Chirality is a property of asymmetry and describes an object that cannot be superposed on its mirror image.
“It is far from obvious that this has anything to do with the angular momentum of light, which owes its existence to rotational symmetries,” researchers explain in an open-access Philosophical Transactions of the Royal Society A article. “There is nevertheless a subtle connection between chirality and the angular momentum of light.”
Angular momentum refers to the quantity of rotation of an object. There are two well-established forms of rotation in light: spin angular momentum (SAM), which involves the light’s polarization; and orbital angular momentum (OAM), which involves the light’s wavefront shape.
In regard to SAM, light can be polarized in different geometries. When light is circularly or elliptically polarized, its orthogonally coupled electric and magnetic fields oscillate in a left- or right-handed helix (chiral) geometry. Likewise, a light with OAM typically exhibits a helical (chiral) wavefront shape. Thus, both SAM and OAM play a role in the chirality of light.
In recent years, a lot of research on tailoring SAM and OAM to control light chirality has occurred because chiral light is useful in various applications, including study of high-dimensional quantum states, enhanced imaging and microscopy resolution, and control of matter by optical trapping and tweezing.
But despite some impressive advances, “breaking the symmetry of the spin and orbital states for arbitrary angular momentum control of light at source has remained elusive,” the researchers of a new study write in their paper.
Achieving arbitrary angular momentum control:
Breaking OAM symmetry
The new study was done as a collaboration of the University of the Witwatersrand (Wits) and the Council for Scientific and Industrial Research in South Africa, Harvard University, National University of Singapore, Vrije Universiteit Brussel (Belgium), and Center for Nano Science and Technology of the Italian Institute of Technology.
In the paper, the authors explain that if researchers can achieve arbitrary angular momentum control of light, then they would be able “to produce any desired spin–orbital chiral state of light, including arbitrary, differing and non-symmetric OAM values coupled to user-defined polarizations.”
In essence, arbitrary control would greatly expand access to new light chirality states because researchers would be able to produce nonsymmetric OAM modes, compared to restrictions set by symmetric OAM modes.

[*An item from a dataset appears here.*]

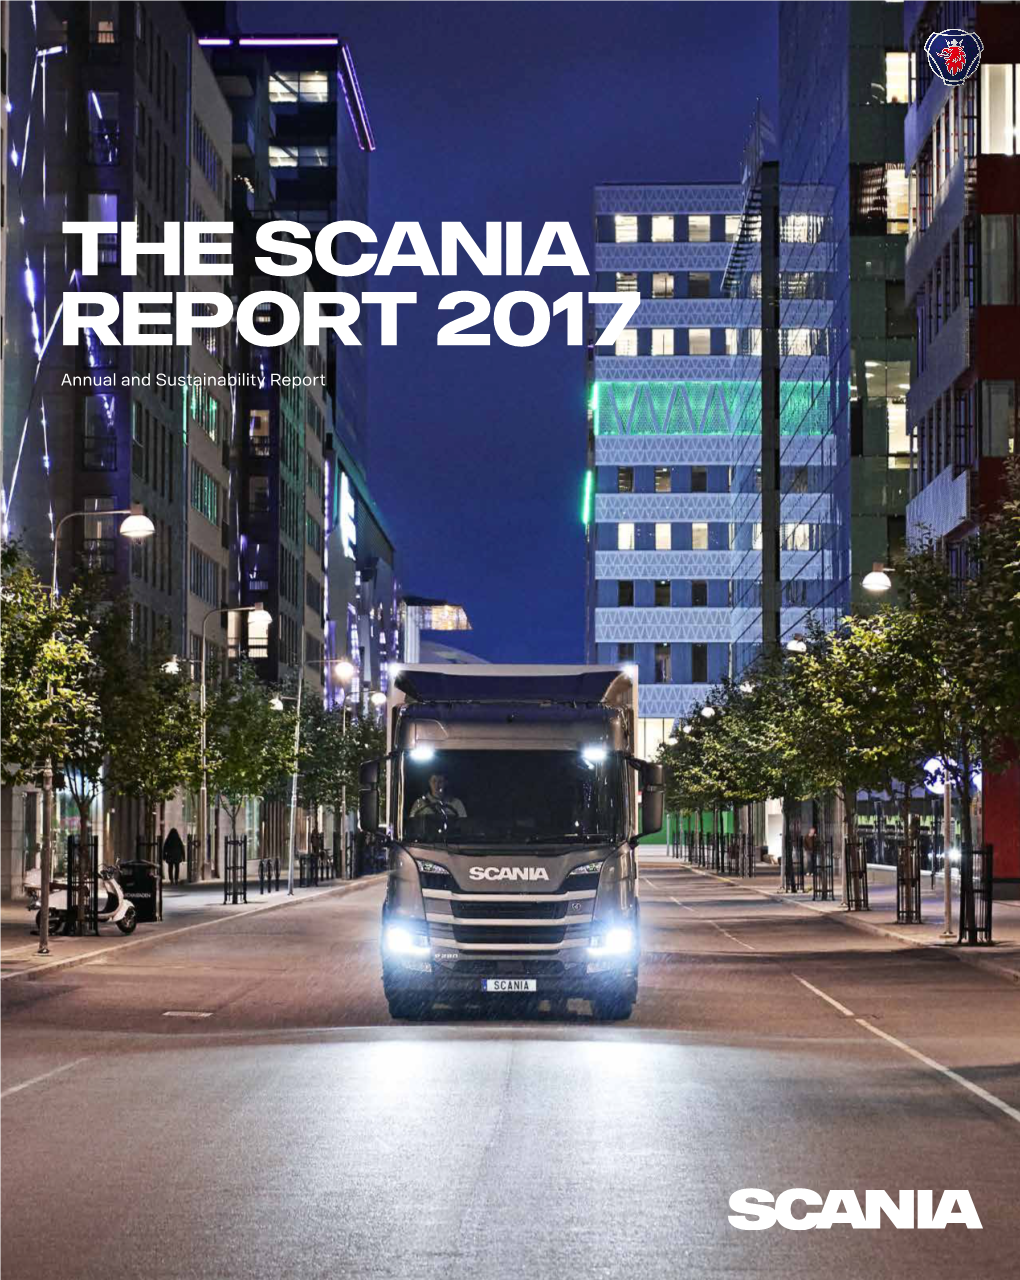 Scania Annual and Sustainability Report 2017

In particular, it would allow access to super-chiral light with high angular momentum—something known to be important in many fundamental and applied studies.
To achieve arbitrary angular momentum control of light, the researchers designed and fabricated a custom dielectric metasurface made of amorphous TiO2 nanoposts on a fused-silica substrate.

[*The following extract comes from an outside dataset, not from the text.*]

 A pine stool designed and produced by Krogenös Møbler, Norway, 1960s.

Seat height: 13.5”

“Our metasurface … is designed to convert any two orthogonal polarization states of the incident light into helical modes with any arbitrary value of OAM, ℓ1 and ℓ2, and not just opposite values. This is possible by controlling the [Pancharatnam–Berry] phase, the overall phase and the form birefringence of each element,” they explain.

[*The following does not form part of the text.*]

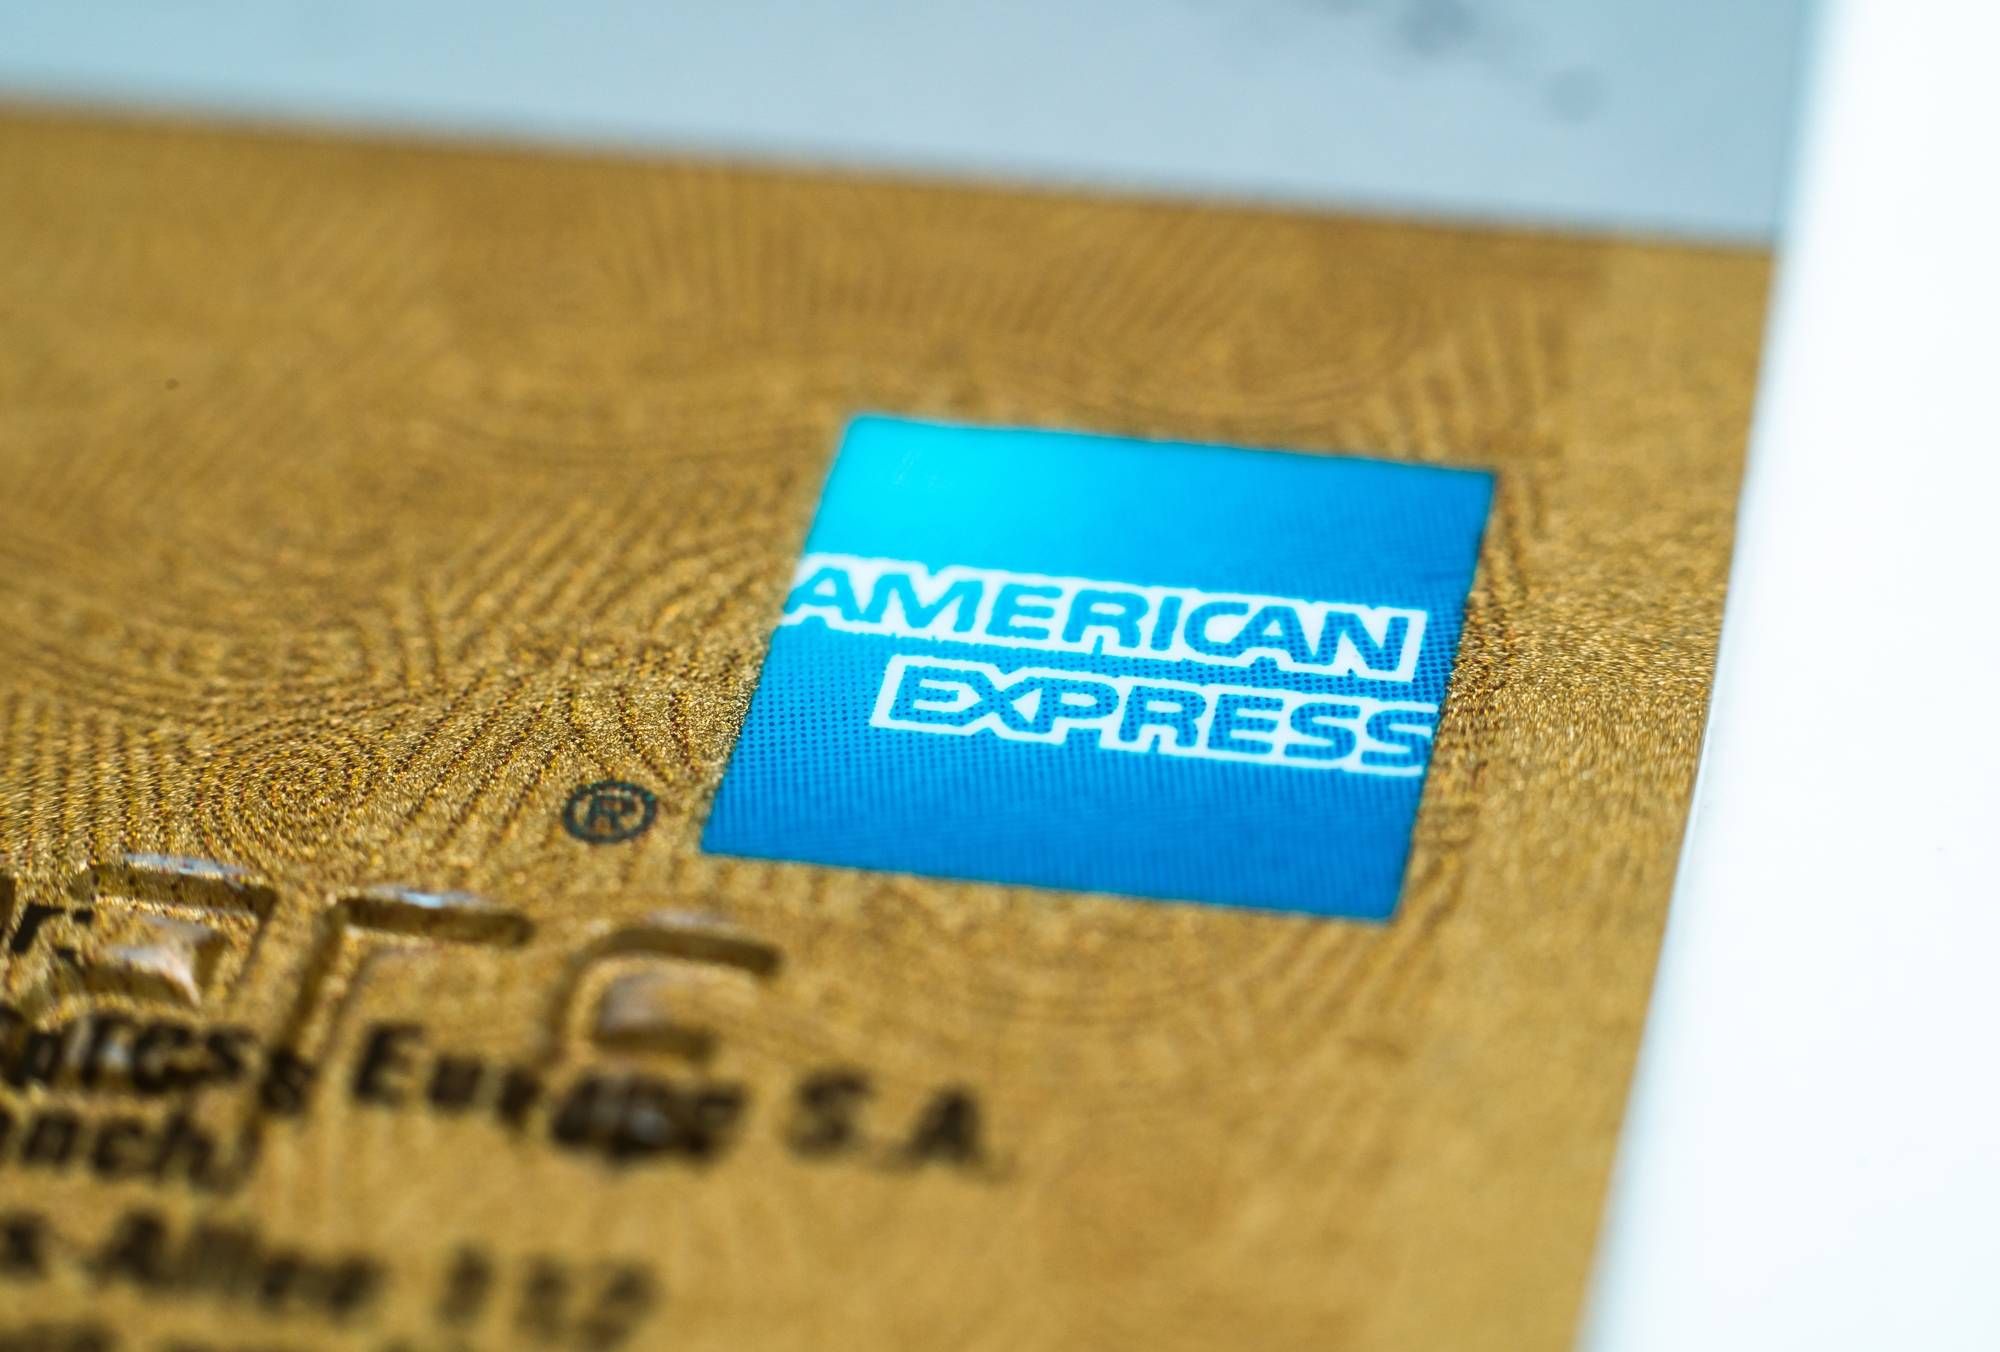 American Express Class Action Lawsuit Alleges Misleading Billing Policy

In other words, the metasurface gave the researchers full control over both SAM and OAM—allowing them to produce any desired chiral state of light.
In their study, the researchers used the metasurface on an infrared laser to gain control of its chirality. However, they explain the metasurface lends itself to many laser architectures.
“For instance, we could increase the gain volume and metasurface size to produce a bulk laser for high-power, or we could shrink the system down onto a chip using a monolithic metasurface design,” Andrew Forbes, senior author and professor at Wits, says in a Wits press release.
“Our work represents an important step towards merging the research in bulk lasers with that of on-chip devices,” he adds.
The paper, published in Nature Photonics, is “High-purity orbital angular momentum states from a visible metasurface laser” (DOI: 10.1038/s41566-020-0623-z).